Я достал из кармана жестянку с леденцами, выбрал малиновый и предложил угоститься Рамону.
– Только зубы портить, – отказался тот. – Что здесь стряслось, как думаешь?
– Понятия не имею, – признался я и пригляделся к охраннику, который с тревогой поглядывал на небо, где во всполохах молний мелькали тени нетопырей.
Нервозность переполняла парня, а под ней скрывался страх, потаённый и неосознанный. Воплотить его в реальность оказалось на удивление просто: только потянулся талантом – и тотчас с неба на охранника спикировала летучая мышь. Парень взвизгнул, замахал руками и бросился наутёк. Он уже не увидел, как воплощённый в реальность моим воображением нетопырь рассыпался ворохом теней.
Исключительно запущенный случай чироптофобии…

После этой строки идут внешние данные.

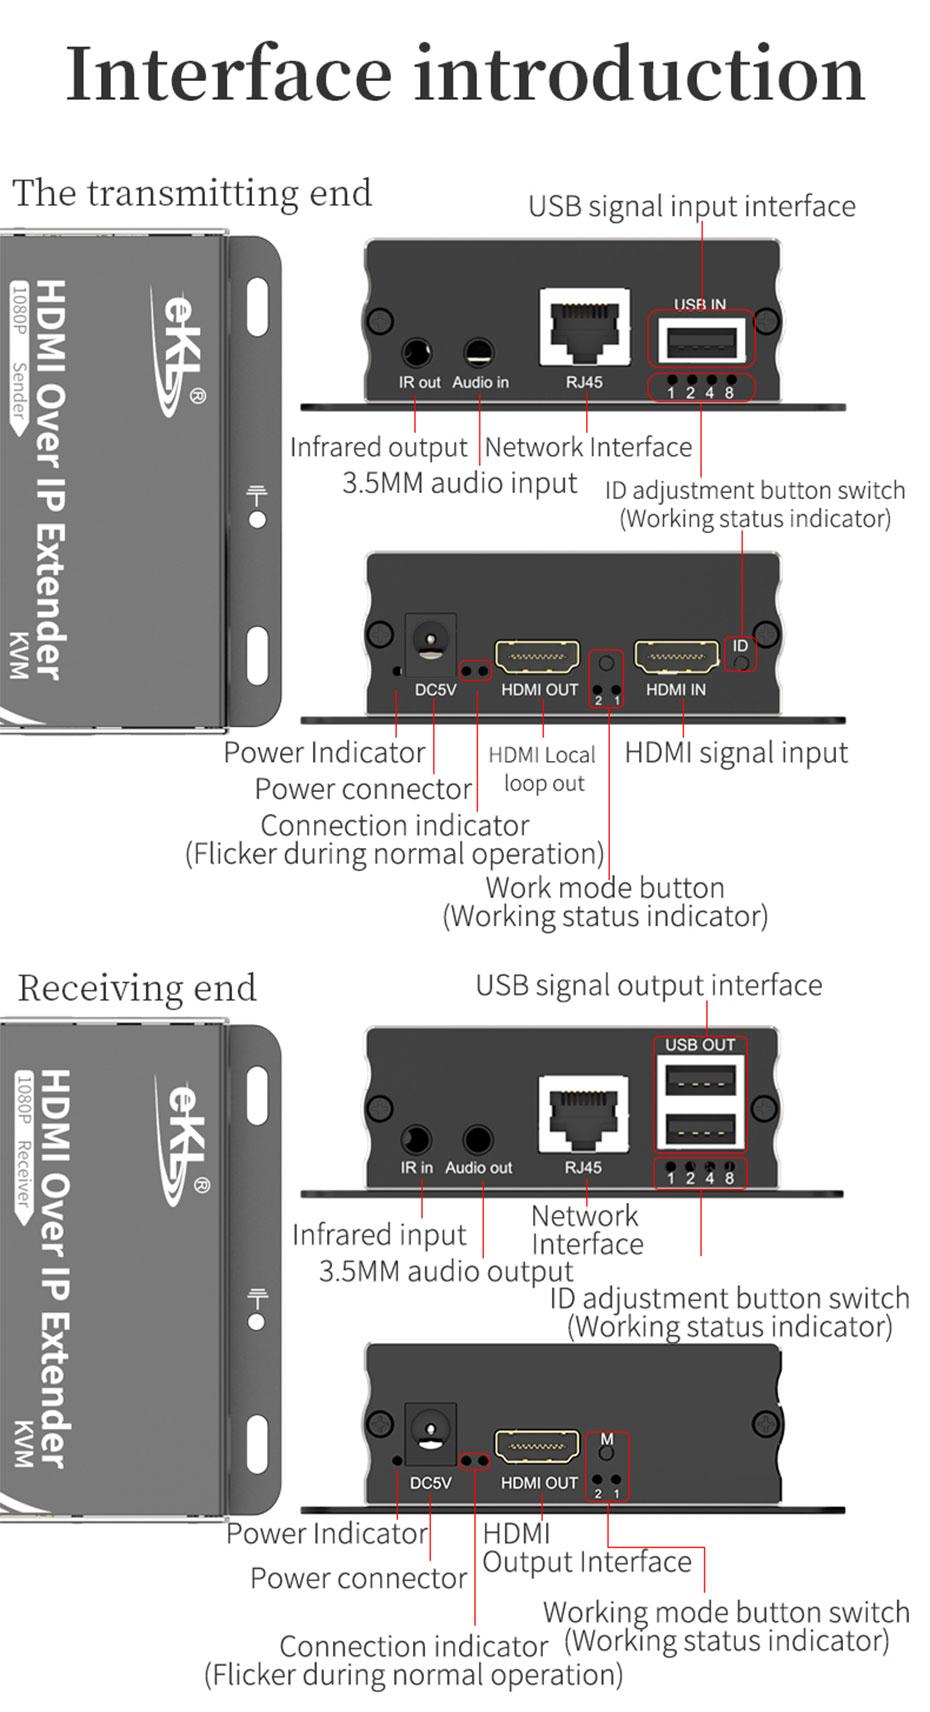 HDMI KVM Extender 1 to many/many to many HU150 interface introduction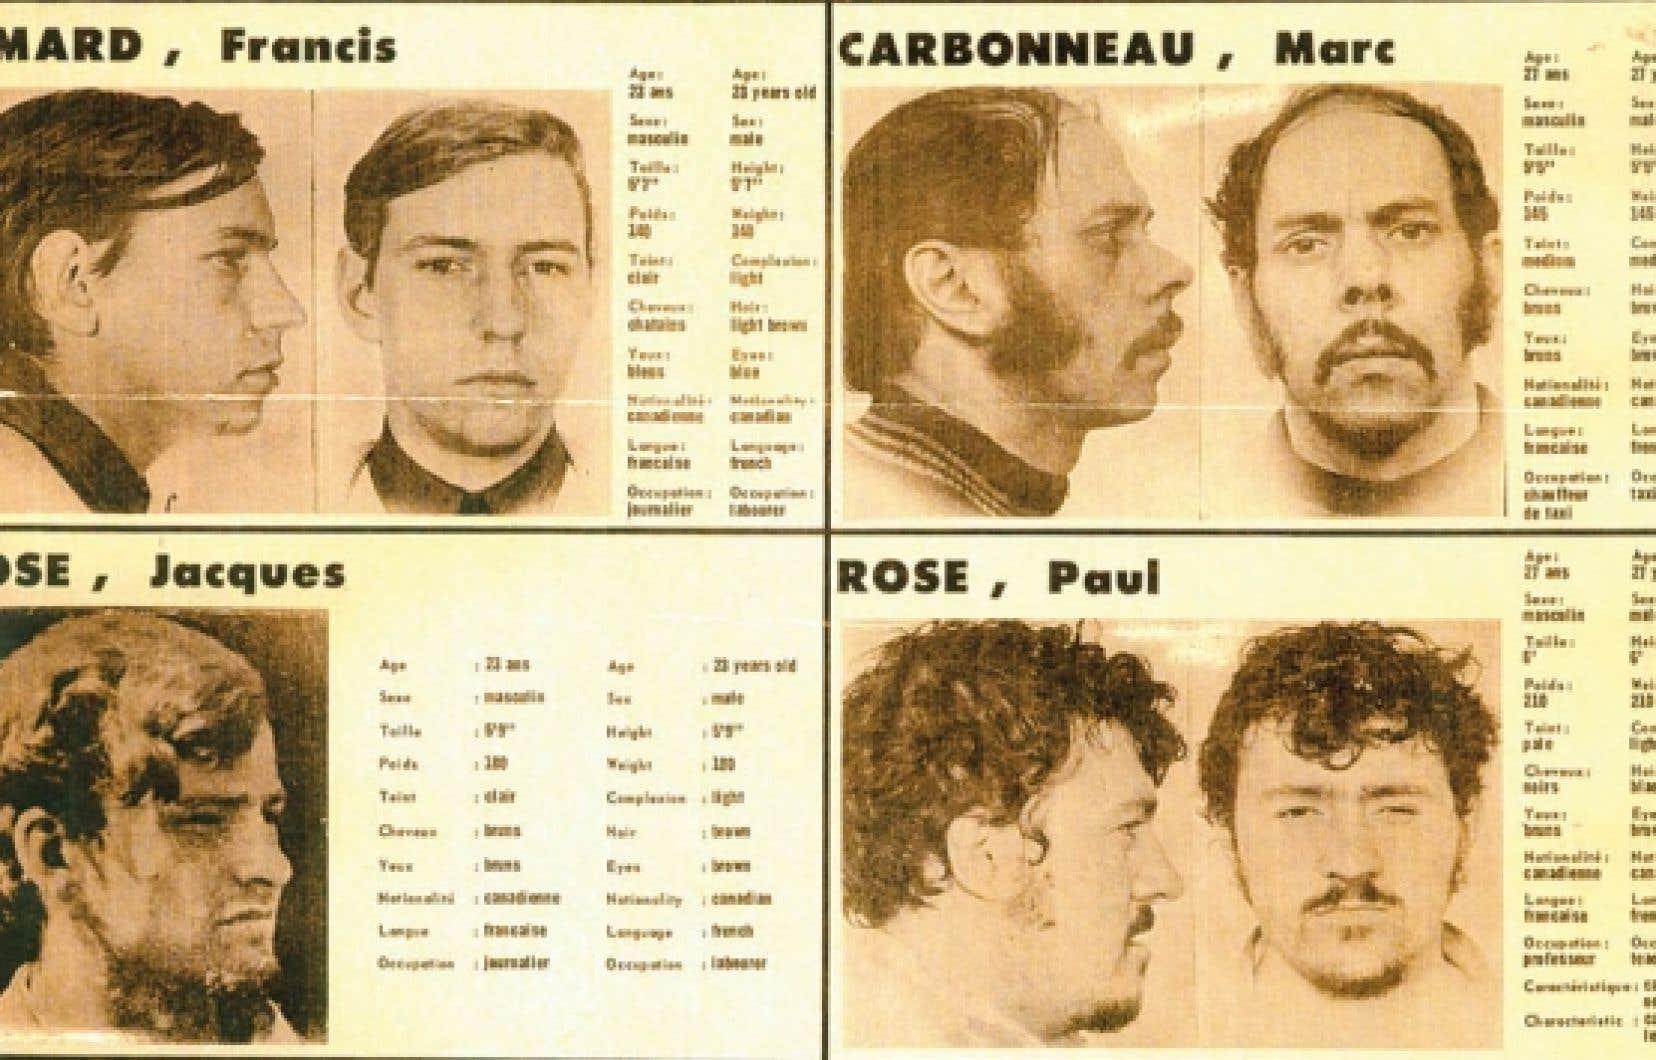 RECHERCHÉS. Quatre des felquistes dont les têtes sont mises à prix par les autorités en octobre 1970. L'affiche est placardée un peu partout, comme au temps du Far-West. Les gouvernements du Canada et du Québec offrent 150 000$ — soit l'équivalent de 854 000$ d'aujourd'hui — «pour des renseignements qui conduiraient à l'arrestation des ravisseurs ou des meurtriers de M. Pierre Laporte».

– Развлекаешься? – вздохнул Рамон.
– С чего взял?
– У тебя глаза светятся.
Я зажмурился, помассировал веки и вновь взглянул на констебля.
– Так лучше?
– Порядок.
Неприятная ломота в висках и утихла; я распахнул дверь котельной и позвал за собой напарника:
– Идём.
Внутри оказалось темно и тепло, даже жарко. Гудели котлы и паропроводы, подрагивали стрелки манометров, в топках полыхало оранжевое пламя, а вспотевшие кочегары всё подкидывали и подкидывали в них уголь.
– Здесь всю ночь так оживлённо? – спросил я у мастера.
– Нет, констебль, – покачал тот головой. – Наша смена заканчивается через полчаса. На ночь останутся два человека.
– Осмотримся здесь, – объявил я, желая хоть немного согреться.
Мастер кивнул, и я позвал Рамона в тёмный коридор, под потолком которого тянулось несколько труб. Констебль включил фонарь, и яркий луч легко разогнал полумрак. Проверка подсобных помещений много времени не заняла, на задний двор с углём мы не пошли и вернулись обратно.
Мастер к этому времени уже скомандовал отбой; чумазые от угольной пыли кочегары побросали лопаты и тележки и отправились на проходную. Мы покинули котельную вслед за ними, но на улице лил дождь, и Рамон предложил переждать его в бытовке. Я отказываться не стал.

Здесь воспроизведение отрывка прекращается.